• The data:
== == ==
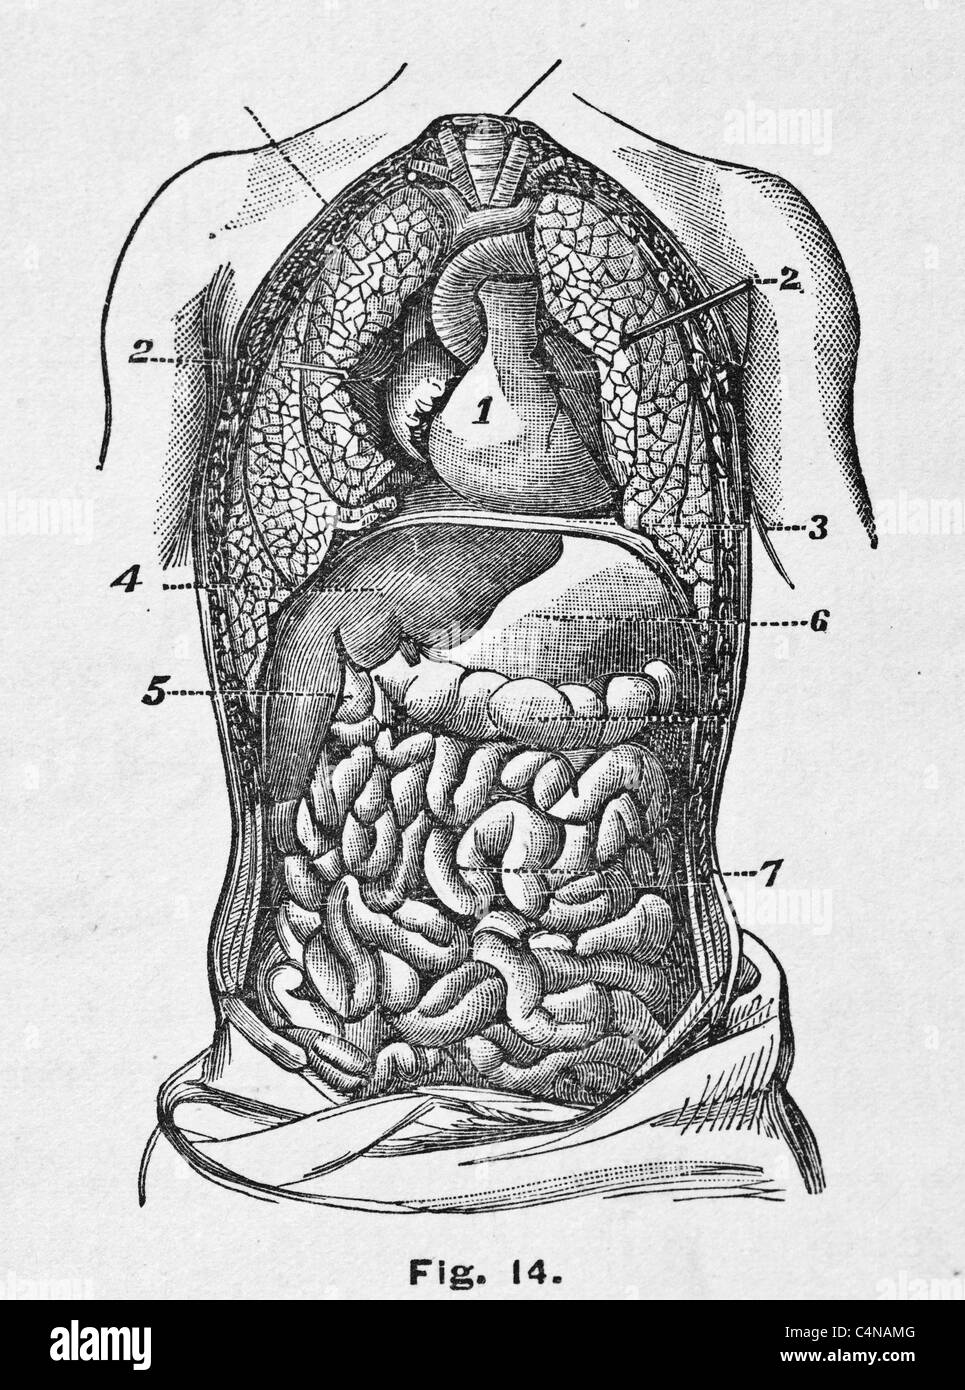 И других органов брюшной полости. Органы брюшной полости. Расположение органов брюшной полости. Органы брюшной полости рисунок. Анатомия брюшной полости человека.
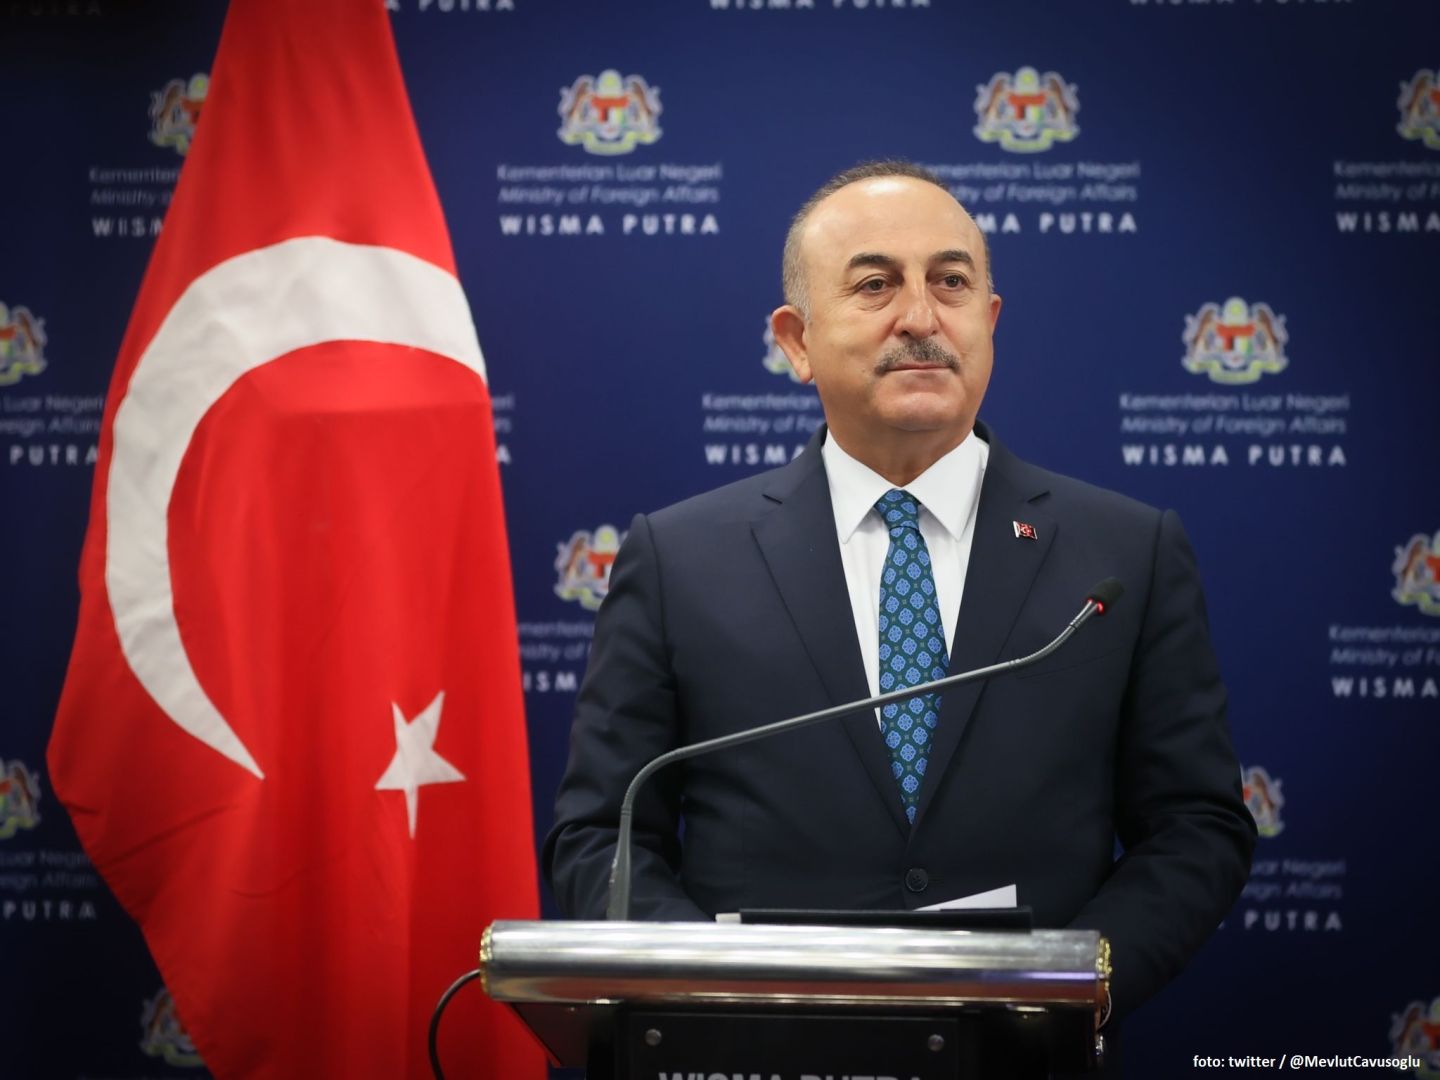 Türkiye warnte Armenien vor Provokationen
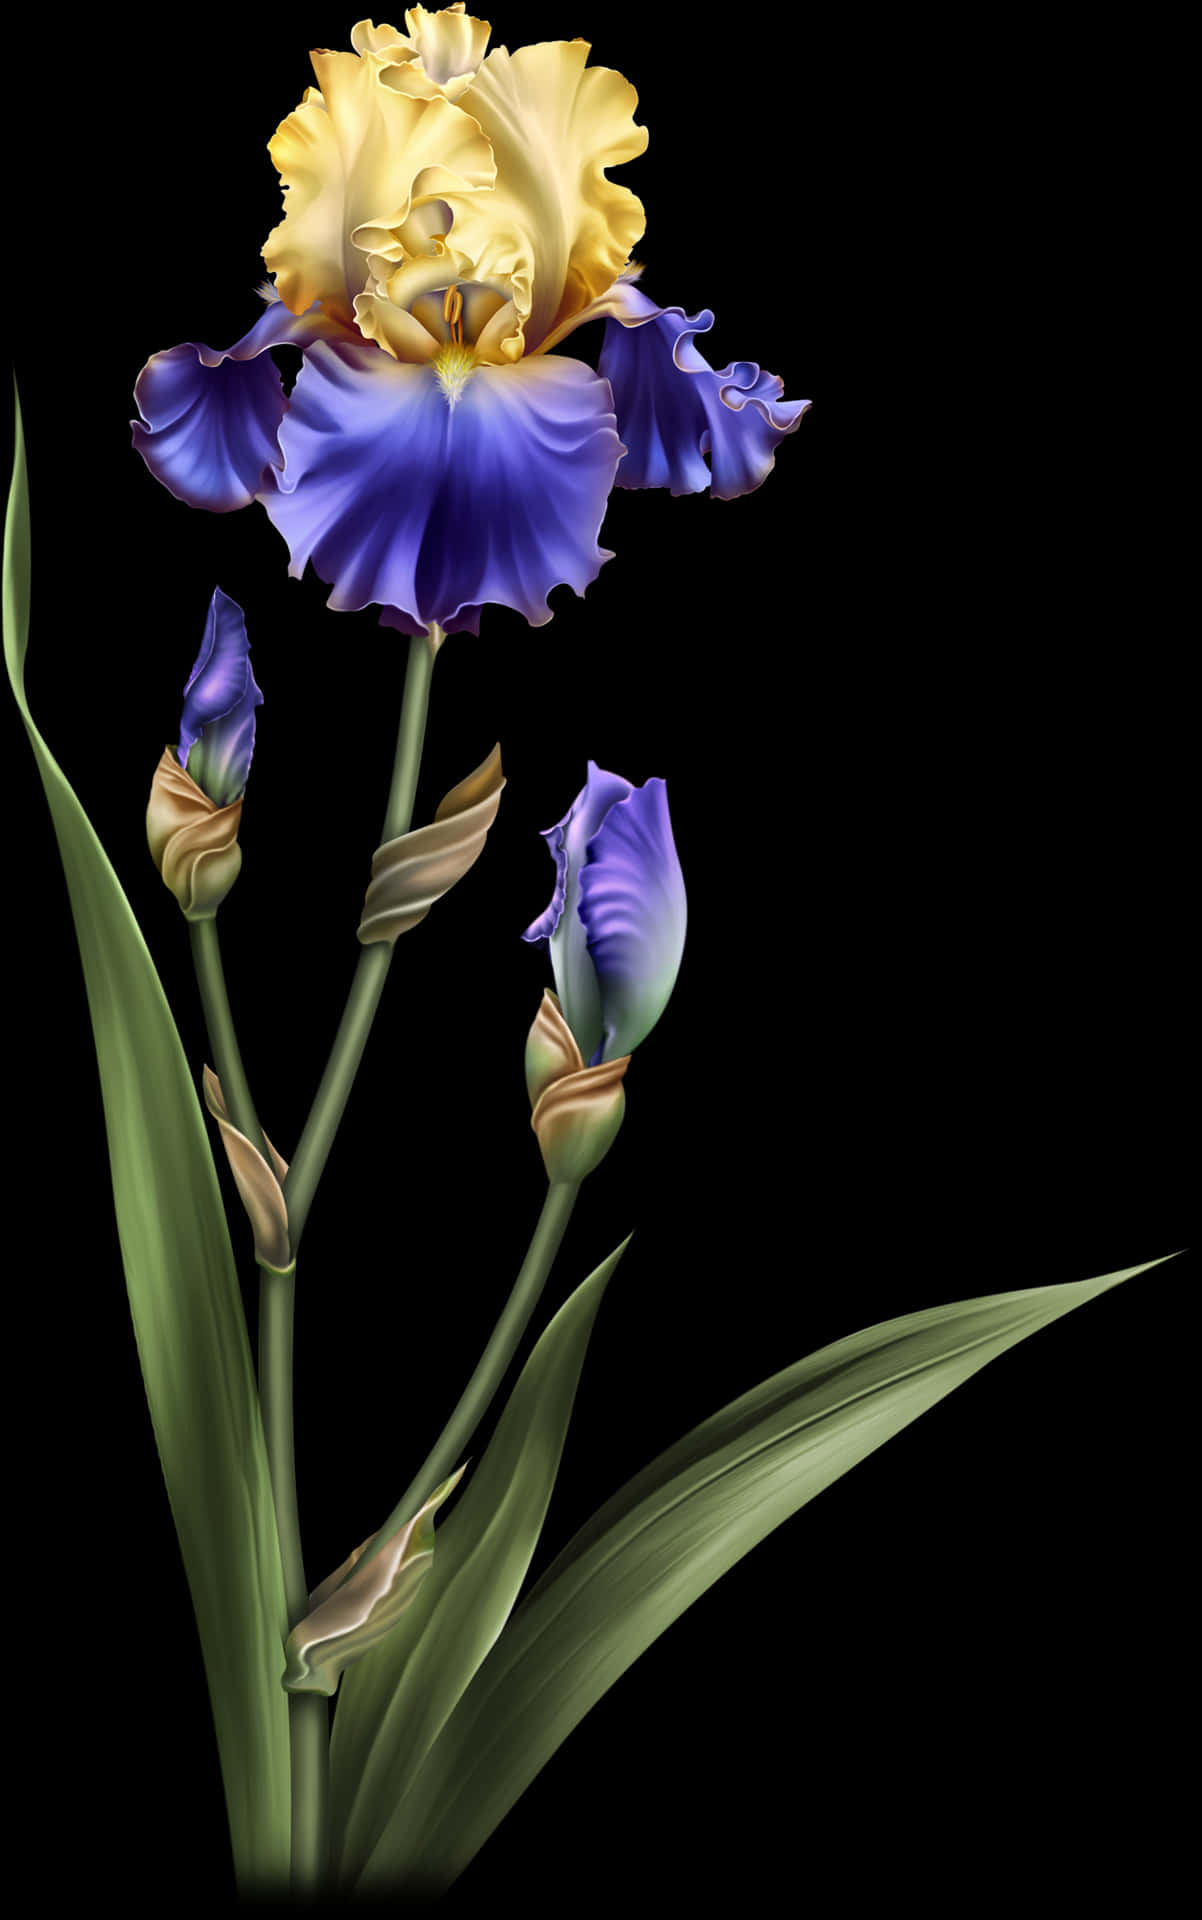 Vibrant_ Iris_ Flower_ Artwork.jpg PNG image
== == ==
• Your task: Final stretch of the data: repeat exactly each line from the one containing "Türkiye warnte Armenien vor Provokationen" through the last, and omit all pictures.

• Finished task:
 Türkiye warnte Armenien vor Provokationen
 Vibrant_ Iris_ Flower_ Artwork.jpg PNG image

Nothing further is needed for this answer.